Несмотря на каникулы в Олонце и Васильсурске, на общение со старообрядцами в провинции и столицах, восприятие «русского» вообще и «раскола» в частности оставалось литературным. «Типы Печерского», — рассуждал Кузмин о встреченных староверах, имея в виду, конечно, роман На горах. Тем не менее, в письме другу его юности Георгию Чичерину, будущему наркому иностранных дел, Кузмин писал уверенно: «Ты чувствуешь пропасть между собою и раскольником, — я между собою и Аничковым (как тип) и не чувствую между собою и начетчиком»[1094]. Евгений Аничков и Чичерин, как эксперты, лишь интересовались мистикой как предметом изучения; Кузмин находился внутри мистической традиции и не принимал внешнего отношения к ней как к предмету ‘научного’ исследования. Однако в сентябре 1905 Кузмин записывает: «При всей легкомысленности и жажде наслаждений у меня какая-то совсем не русская, очень буржуазная потребность порядка, выработанной программы занятий […] Я счастлив, когда это налаживается, т. е. я могу только так быть продуктивным». Эта формула «буржуазной» трудовой этики противопоставляется Кузминым его раскольничьему периоду:
Собственно говоря, спокойнее, счастливее и уютнее всего мне бы мое раскольничье — русскую полосу. И притом это — всего дешевле, имея исходной точкой, что все — грех и нищета. Но […] (к этому) призывает иногда малодушие, давно превзойденное[1095].

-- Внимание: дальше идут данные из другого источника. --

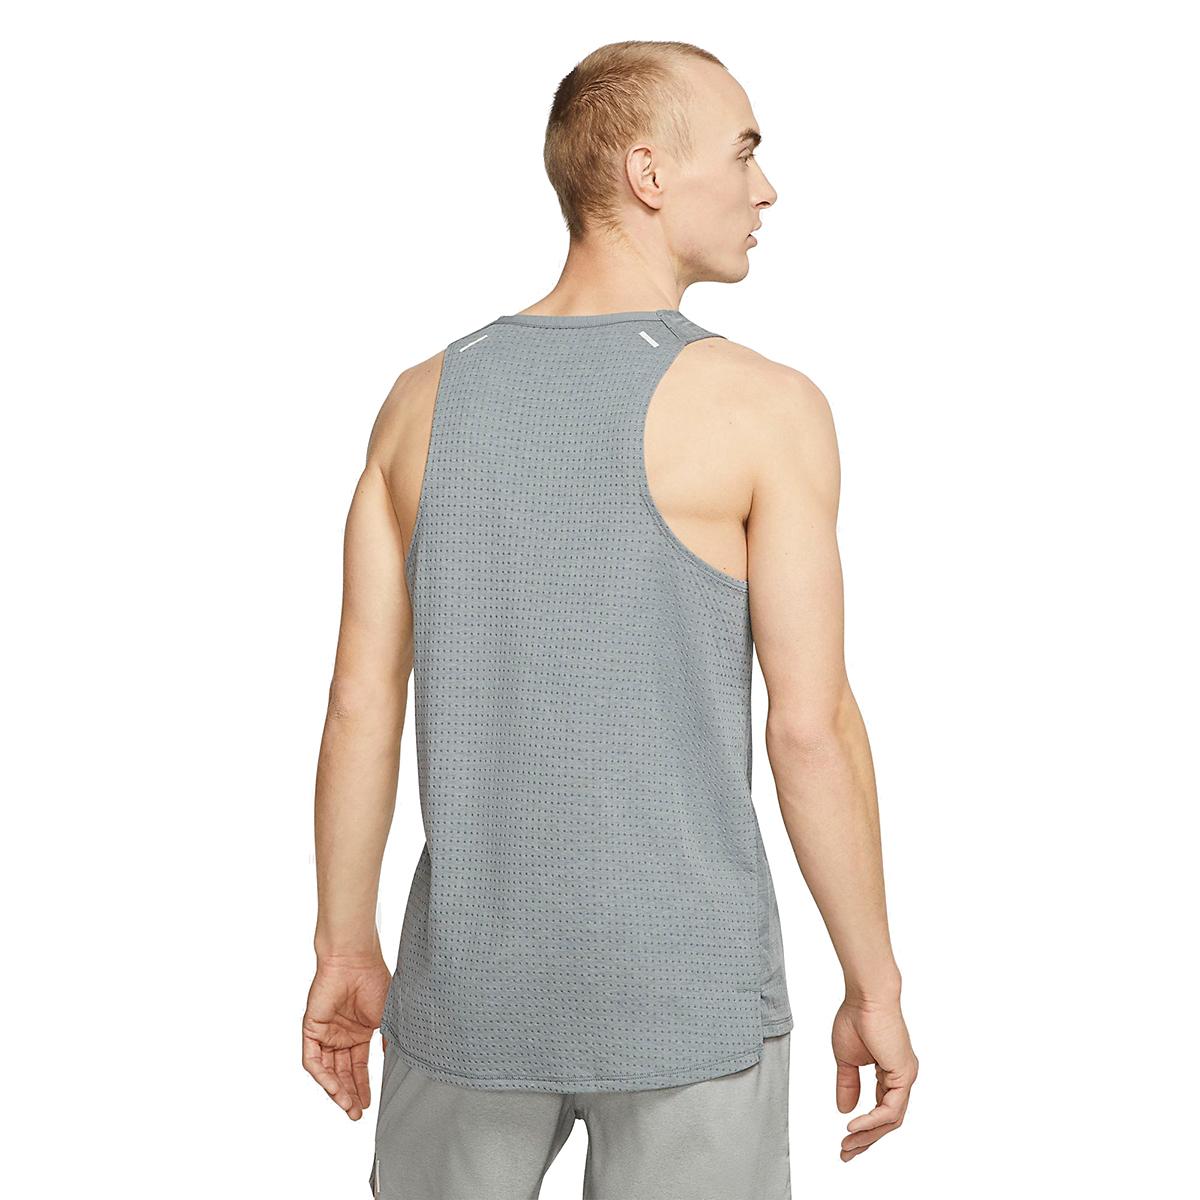 Men's Nike Rise 365 Running Tank - Color: Smoke Grey/Heather - Size: S, Smoke Grey/Heather, large, image 2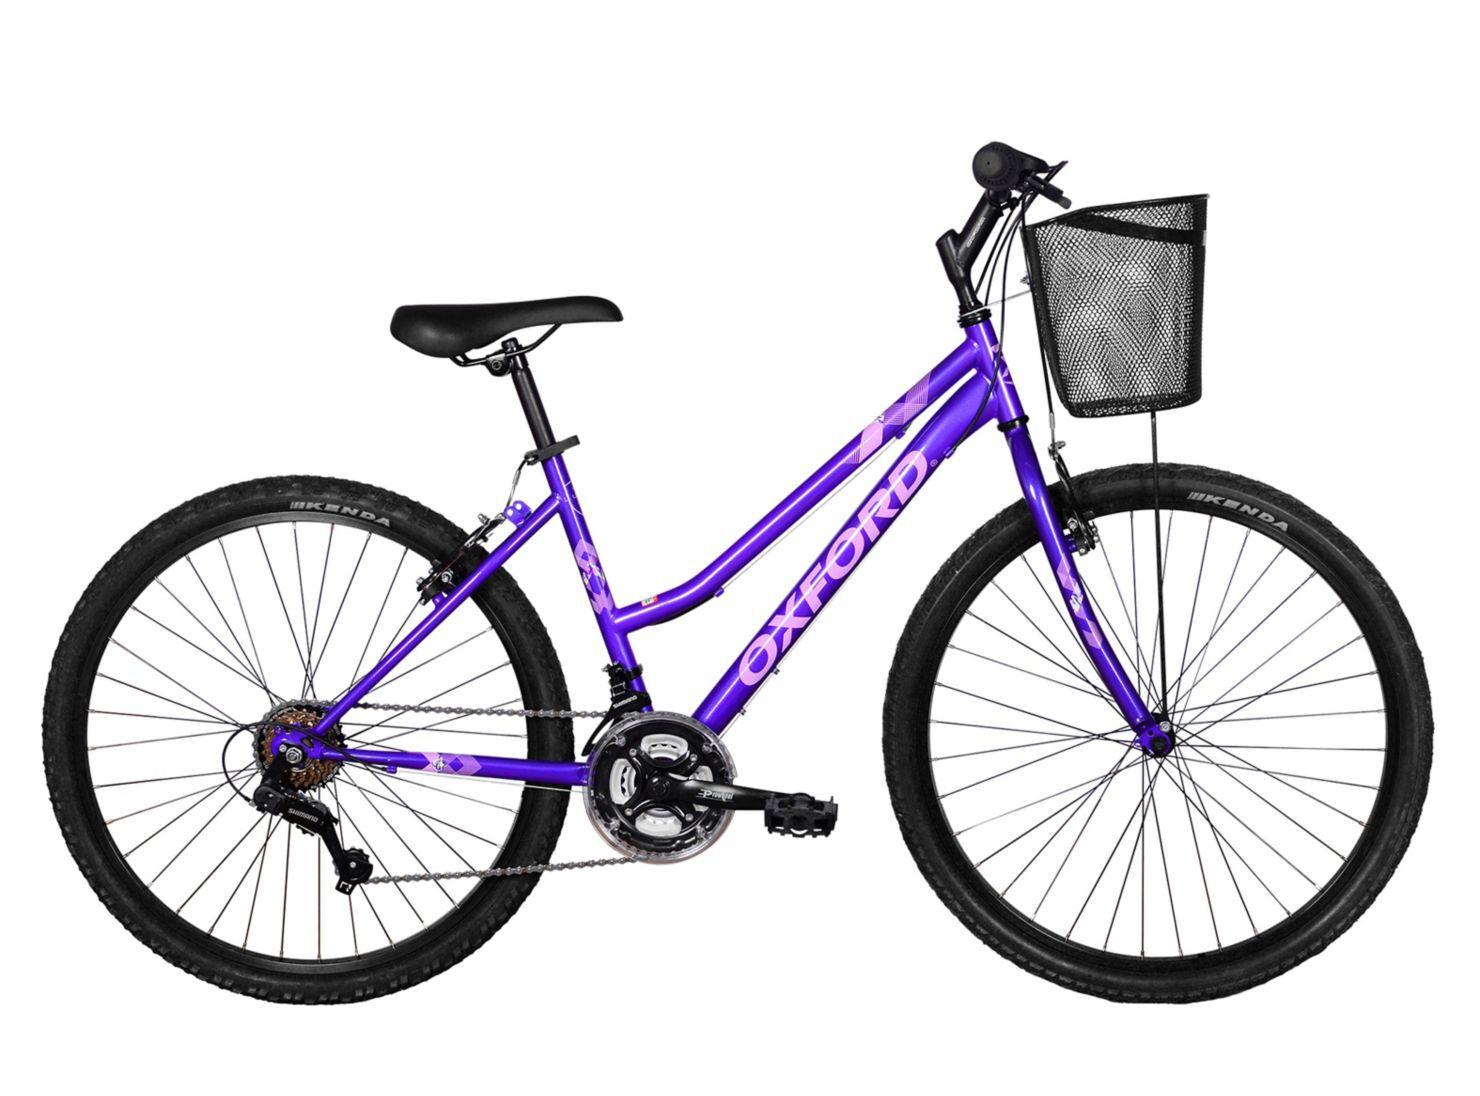 37d9a7f2e Bicicleta de Paseo Oxford Luna V Aro 26

Итак, «совсем не русская» идея продуктивности ведет к плану и порядку, а малодушие влечет в «русскую полосу». В ответ на разносную критику Крыльев автор их записывает: «мне бы хотелось плюнуть на все, поселиться в углу и ходить только в церковь»[1096]. Как он позже писал стихами,
И в жизни сладостной и коснойКакой-то тайный есть магнит.
Раскольничья жизнь воспринимается теперь как защитный способ существования, чуждый этических оценок, не требующий труда и потому противопоказанный искусству; как регрессия, слишком глубокая для художника.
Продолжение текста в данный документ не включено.